Friday, July 10, 2009

A Python Implementation of The Log-Polar Transform

Update: I have written a new article on the log-polar transform, implementing a simpler algorithm, and also taking advantage of NumPy's features to improve performance. Check it out!

The log-polar transform is a popular pre-processing step used in Computer Vision systems. It has several properties that make it attractive for image processing: overall image resolution is lowered (reducing processing requirements) while a small region of interest is kept intact; scalings and rotations in the original image are turned to translations across the transform's axes, facilitating matching tasks; and its conformity ensures that results obtained from the transform can be cast back into the original image.

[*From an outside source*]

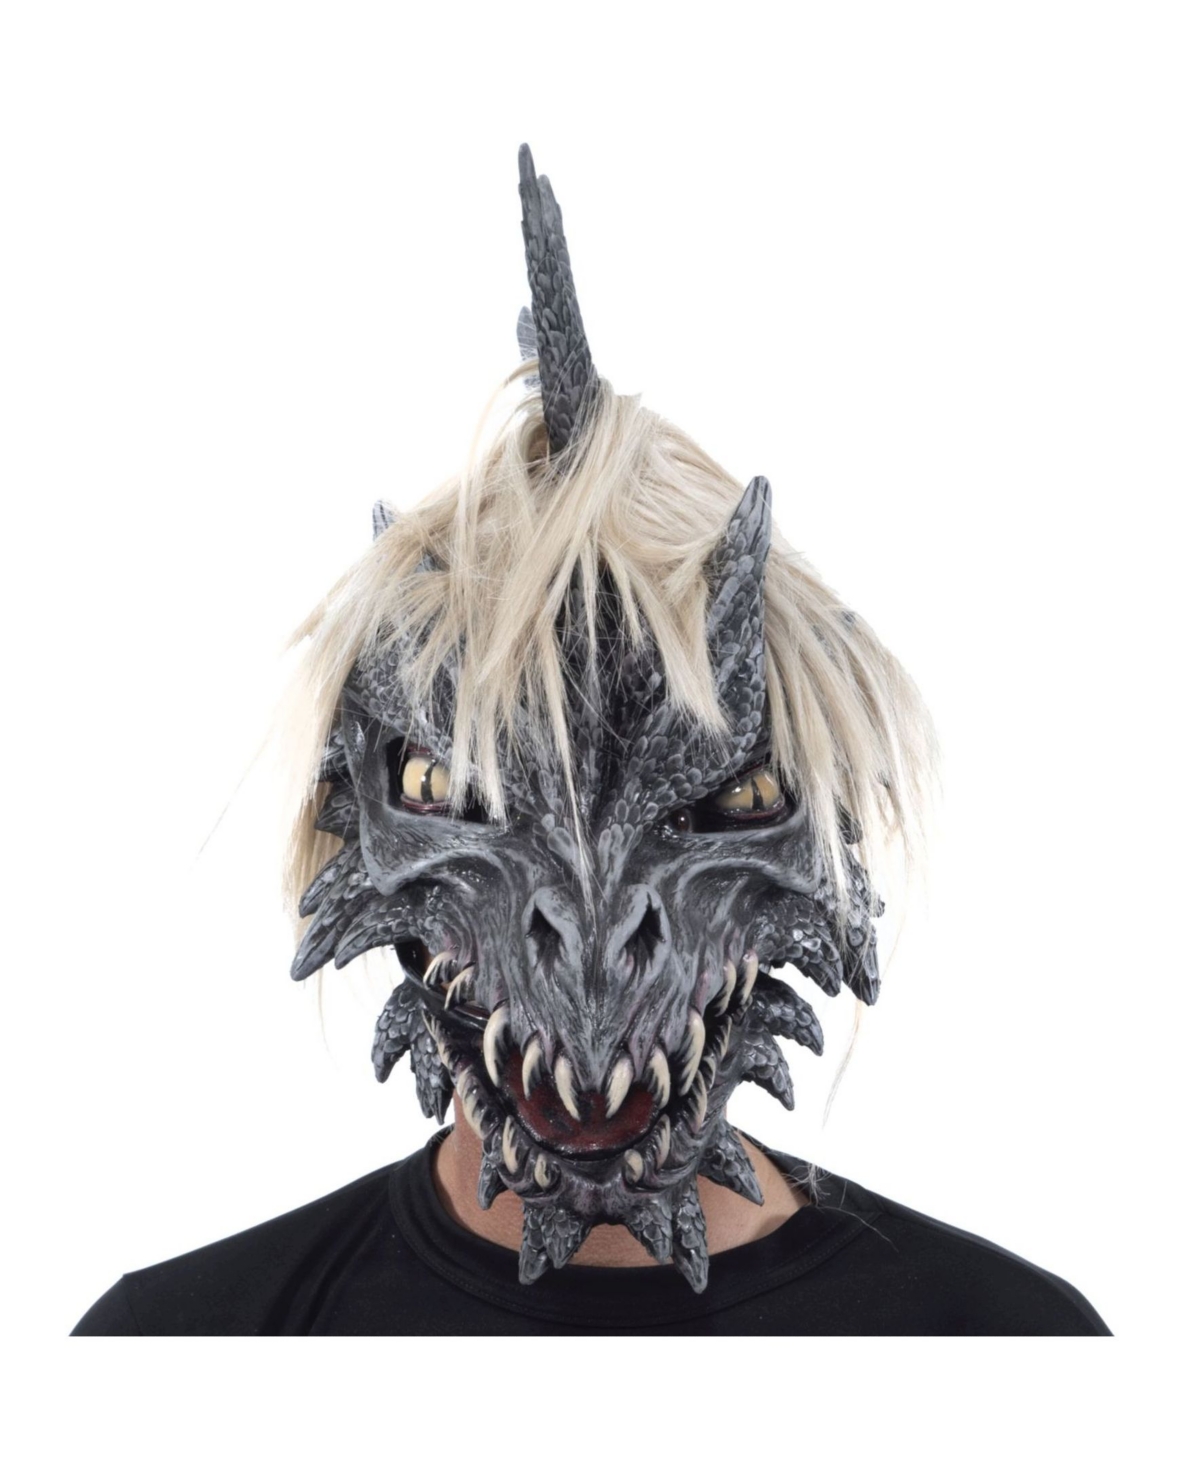 Zagone Studios Zagone Size Studios Monroe The Dragon Latex Adult Costume Mask One Size In Multi

On the Computation of the Discrete Log-Polar Transform explains the underlying theory, discusses how to find the correct transform parameters, and includes a complete set of algorithms. Even though at times I have deviated from its advice, in general it was an invaluable resource while developing my own Python implementation of the log-polar transform, which you can download here.

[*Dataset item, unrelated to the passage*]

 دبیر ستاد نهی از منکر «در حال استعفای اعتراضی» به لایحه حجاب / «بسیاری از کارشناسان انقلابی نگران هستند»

The logpolar module depends on the NumPy package; the PIL package is also needed to run the demonstration code, but otherwise is not a dependency. Its most important public symbol is the transform() function, which is largely a direct implementation of the Algorithm 2 presented in the paper's 6th chapter. The modification's I introduced are:
  • The paper isn't much clear about what the transform output's dimensions should be, so I implemented a small function to automatically calculate convenient defaults;
  • Originally, the transform's center influenced the range of the output's rho dimension. This was not interesting for my purposes, so I added a normalizing factor to the radial distance r, allowing rho's range to be set solely in terms of the input image's dimensions and the transform's parameters;
  • The algorithm was rather optimistic in its use of the arc tangent function, in that it is expected to generate the whole range of values [0, 2π) from the y to x ratio. Most programming languages won't provide anything so sophisticated out-of-the-box; Python is no exception, so I have implemented an enhanced arc tangent function over the standard library's math.atan();
  • The log-polar transform's perifery is a many-to-one map: a number of input pixels are averaged to provide the value for each output pixel. The original algorithm accumulated the pixel values in a sum matrix A and the numbers in a count matrix B, and then iterated over the matrixes to calculate the averages. I decided to employ an iterative mean formula instead, trading a little precision for better performance;
  • Instead of defining the fovea explicitly as a radius r0 from the transform's center, I found it simpler to define it implicitly as the first k lines of the transform's output for which the number of mapped pixels are less than the row length. A simple nearest neighbour algorithm is then used to expand those pixels over the empty area.
Additionally, a convenience class Snapshot is provided, which allows PIL images to be treated as NumPy matrixes, and thus directly fed to the logpolar.transform() function.